> **Exercise details**:
Reproduce the whole listing word for word. Leave every image out.

Dataset section START

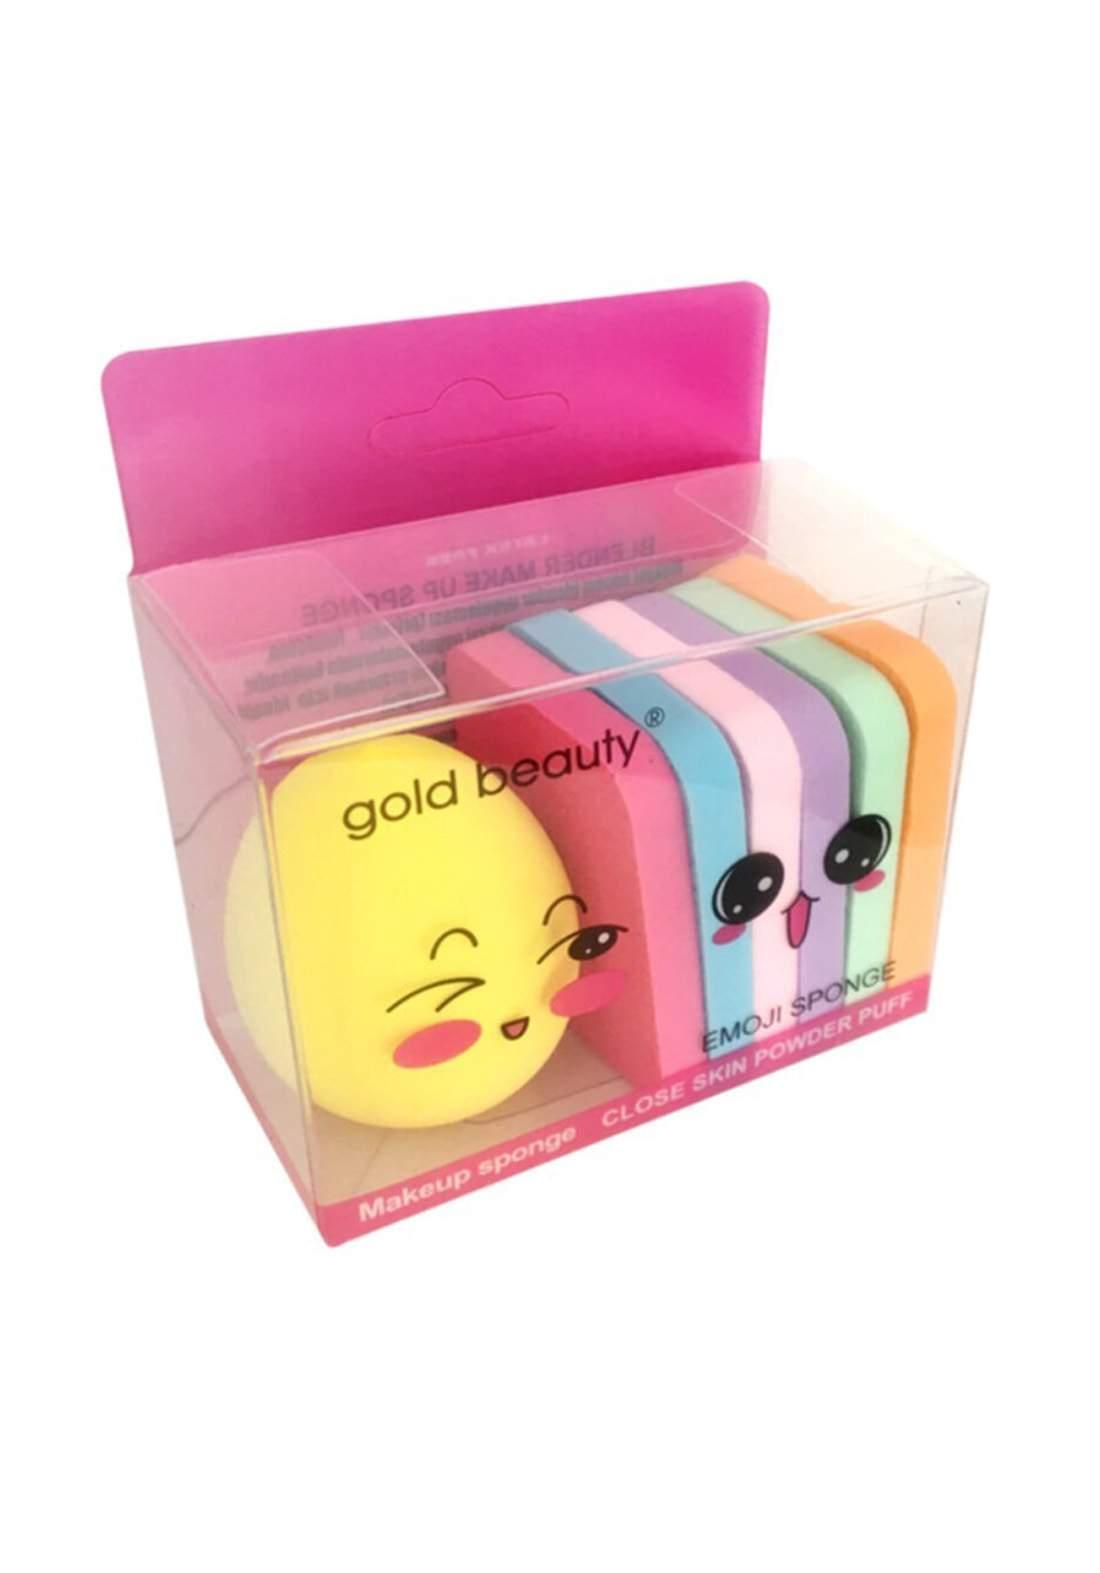 Gold Beauty Makeup Emoji Sponge 7Pcs بيوتي بلندر
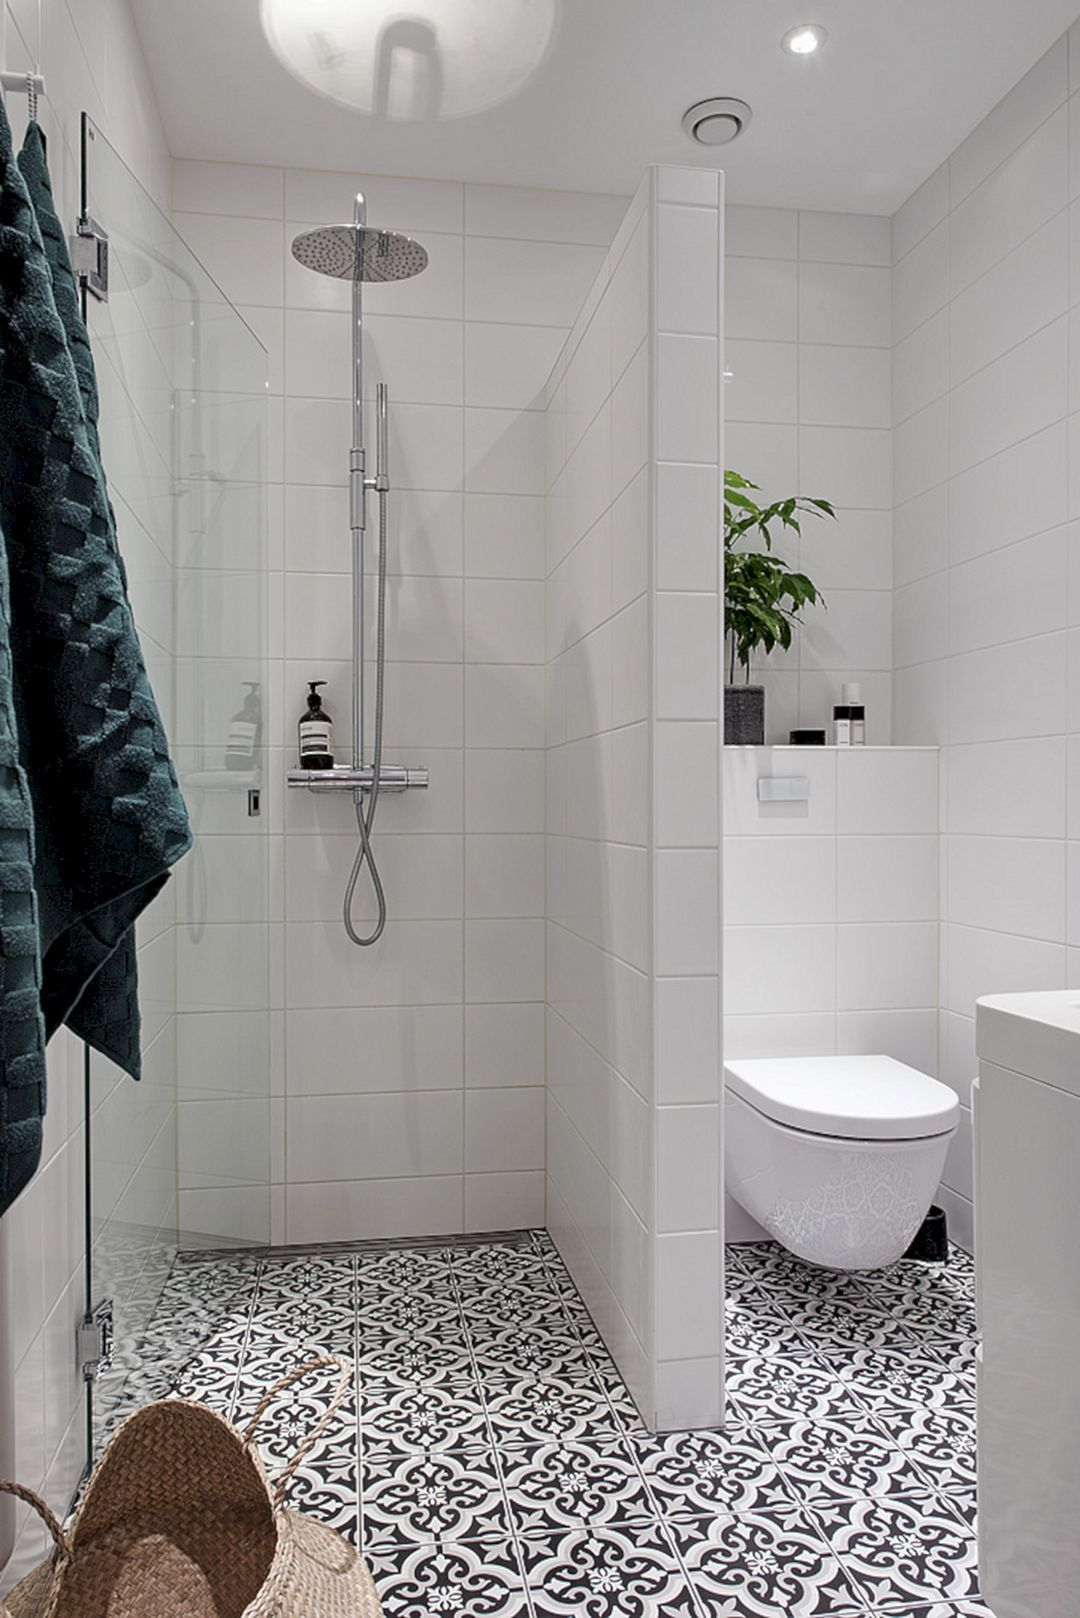 115 Extraordinary Small Bathroom Designs For Small Space 036 Small Bathroom Layout Bathroom Design Small Small Bathroom
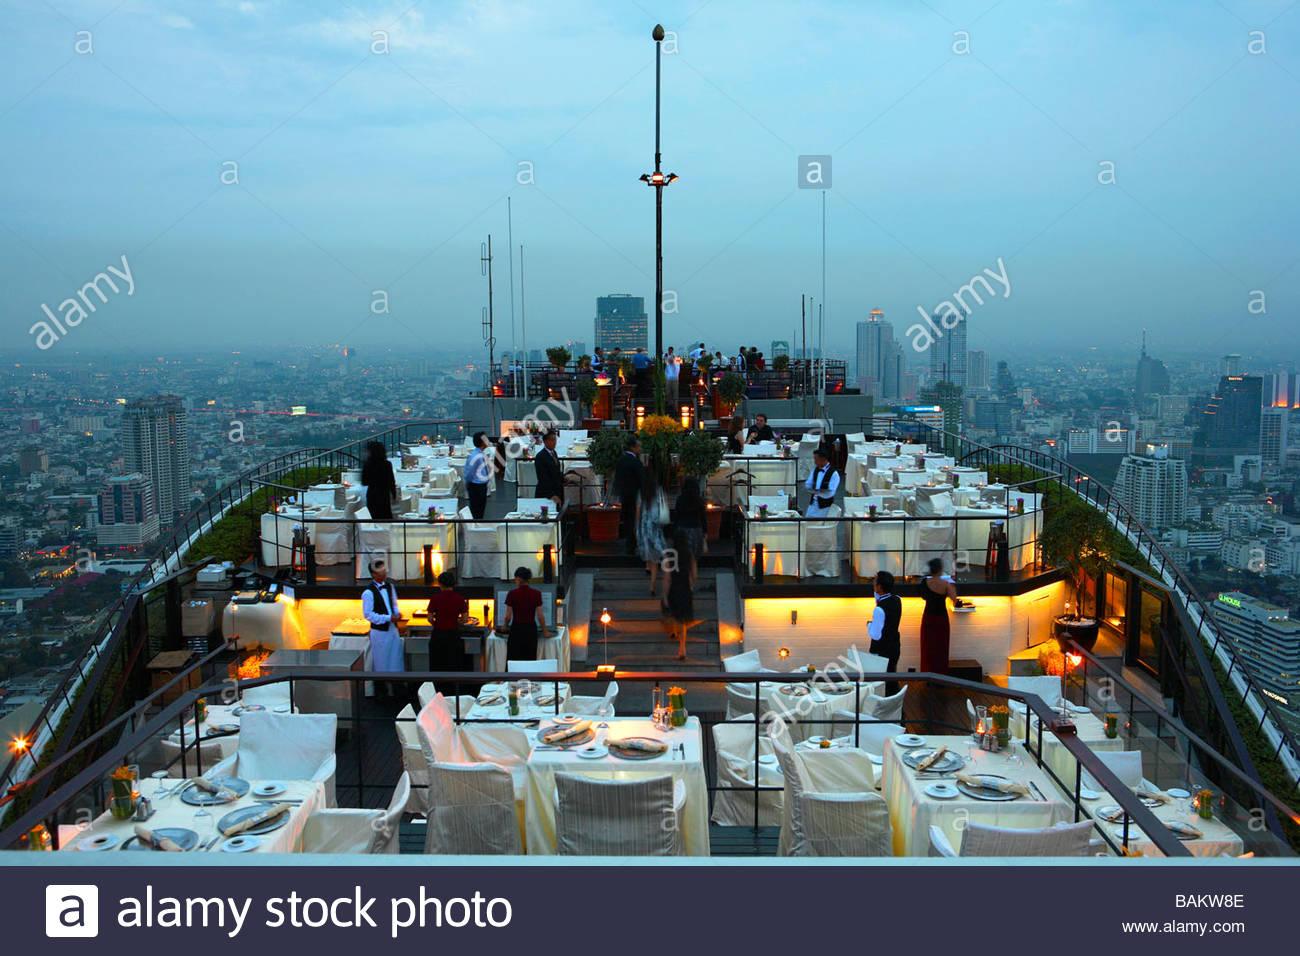 Banyan Tree Hotel, Vertigo bar and restaurant, Bangkok, Thailand - Stock Image

Dataset section END

> **Reply to the task**:
 Gold Beauty Makeup Emoji Sponge 7Pcs بيوتي بلندر
 115 Extraordinary Small Bathroom Designs For Small Space 036 Small Bathroom Layout Bathroom Design Small Small Bathroom
 Banyan Tree Hotel, Vertigo bar and restaurant, Bangkok, Thailand - Stock Image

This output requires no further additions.